• **RECORDED INFORMATION**
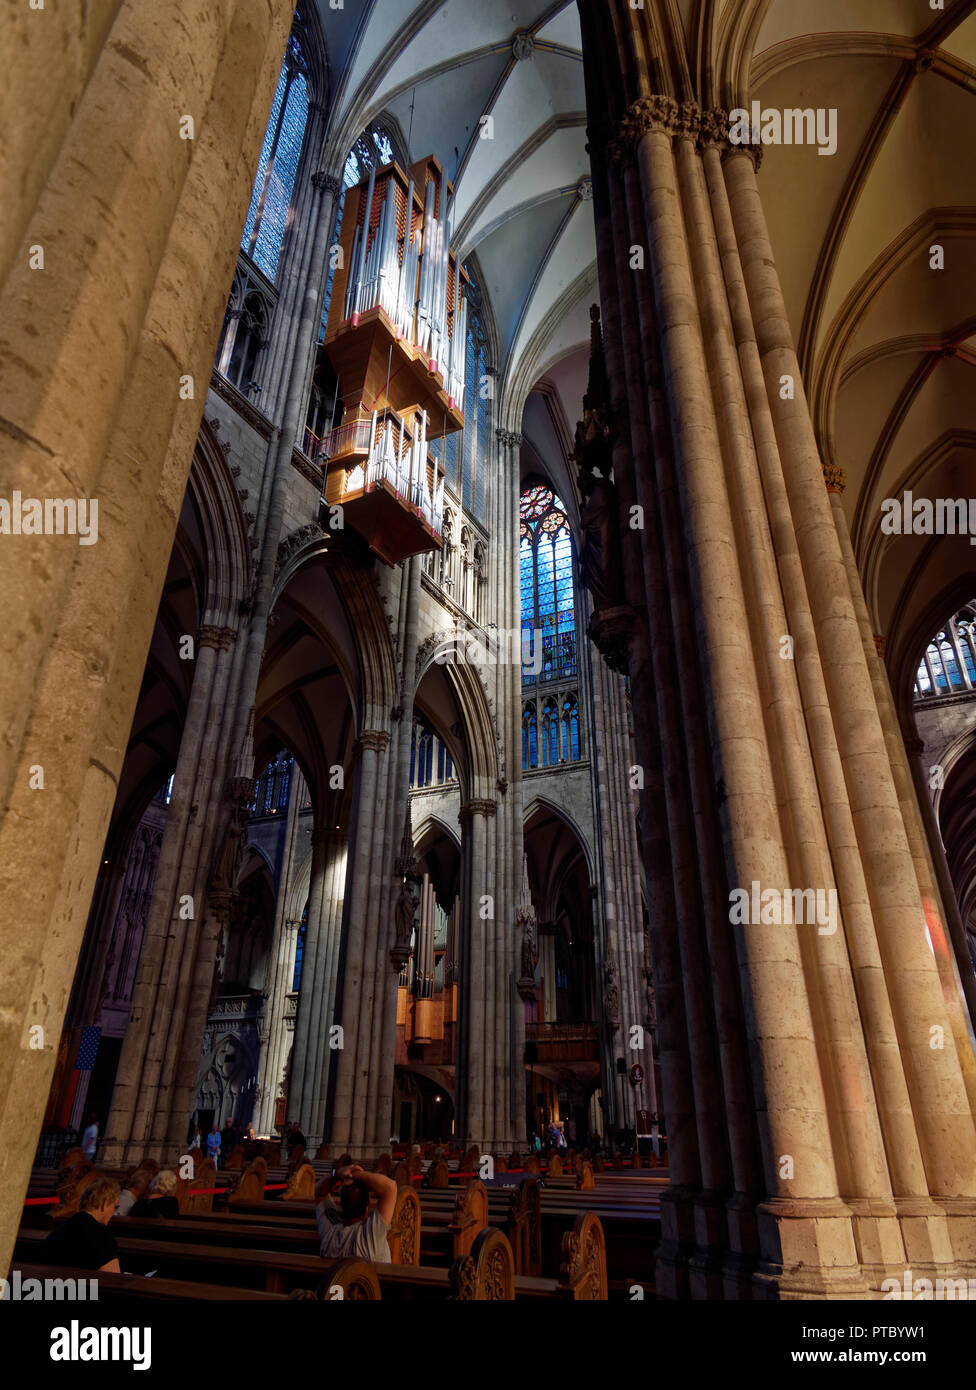 The beautiful interior of the Gothic Cathedral in Cologne City Centre, Germany Stock Photo
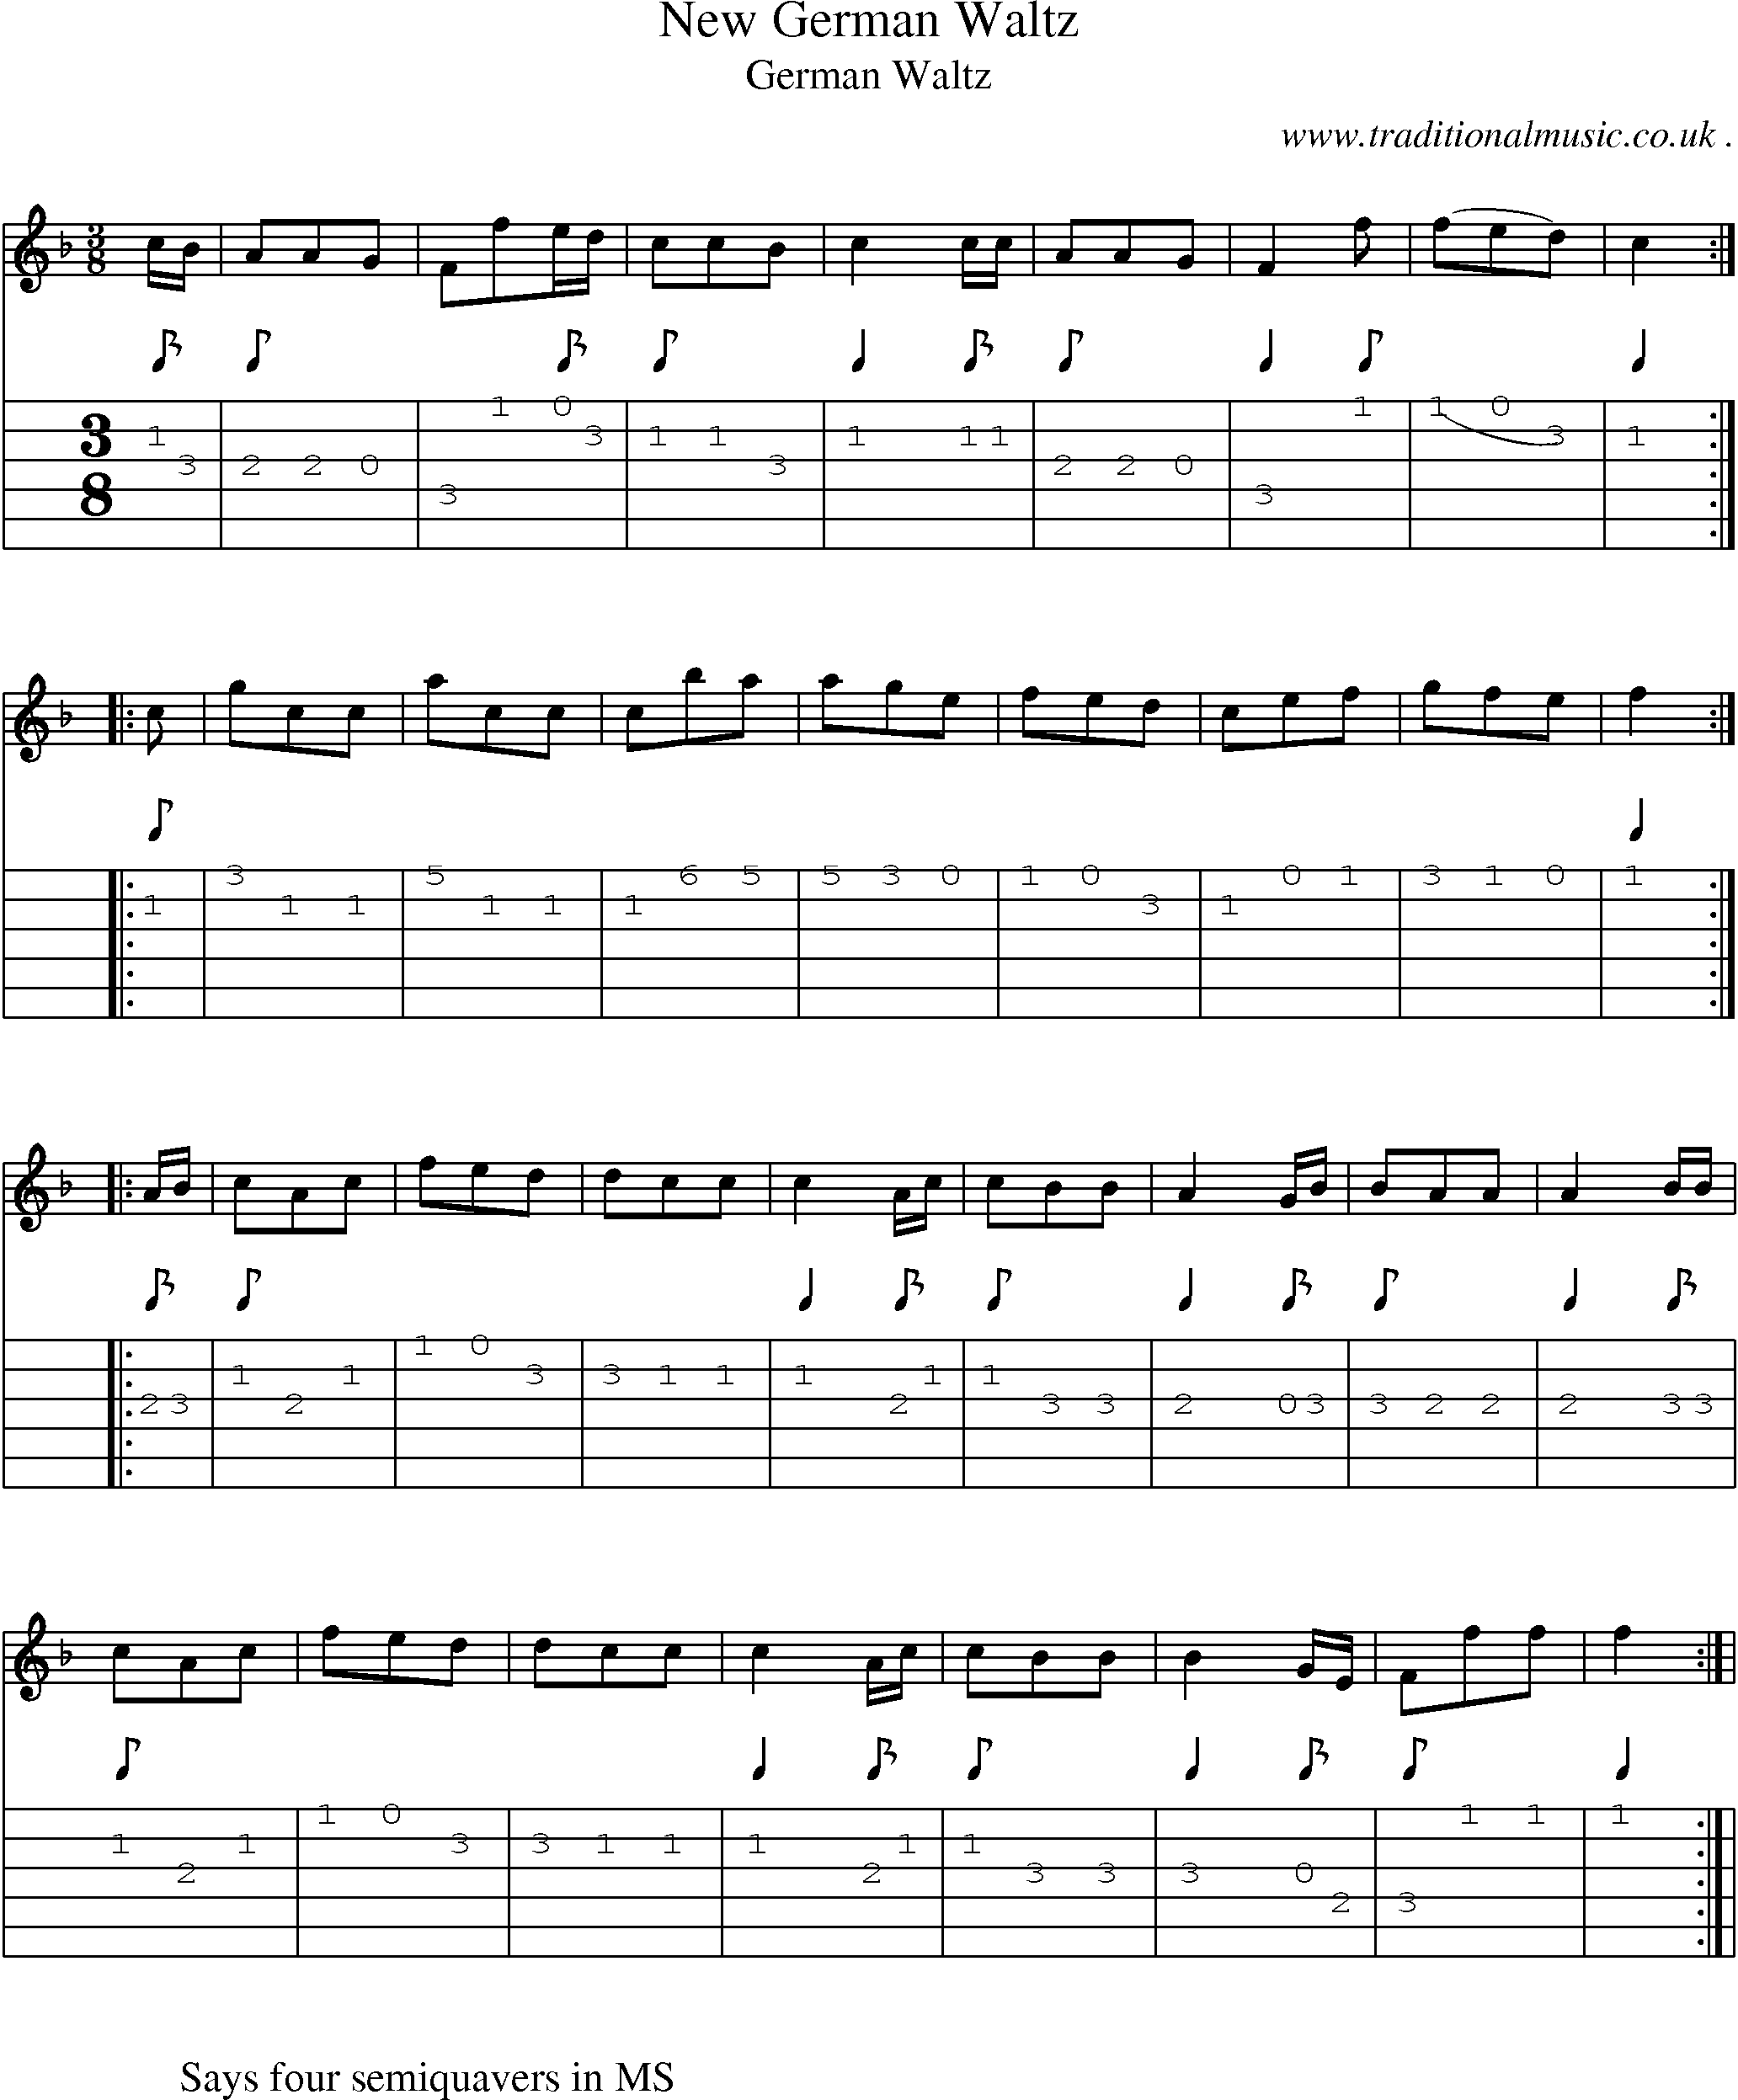 Sheet-Music and Guitar Tabs for New German Waltz
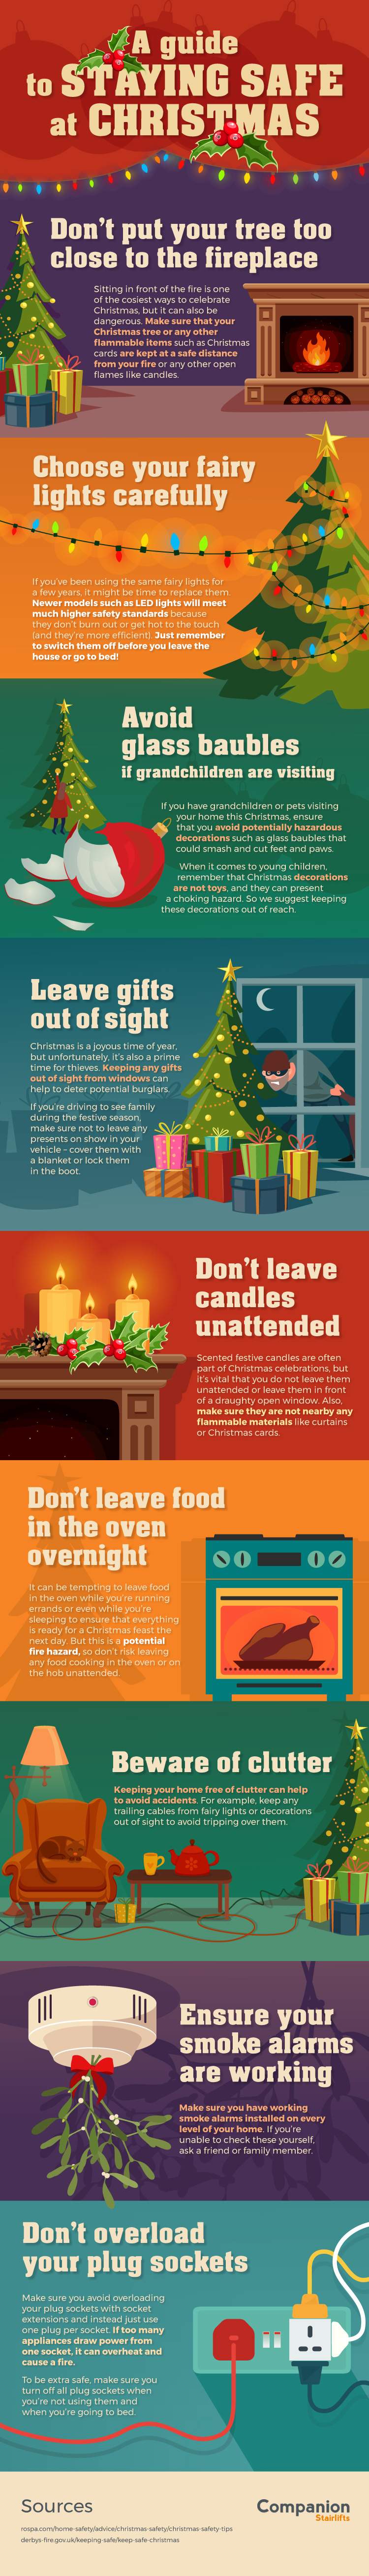 guide to staying safe at Christmas

• **TASK**
Everything in the data except the pictures needs to be written out exactly.

• **EXERCISE SOLUTION**
 The beautiful interior of the Gothic Cathedral in Cologne City Centre, Germany Stock Photo
 Sheet-Music and Guitar Tabs for New German Waltz
 guide to staying safe at Christmas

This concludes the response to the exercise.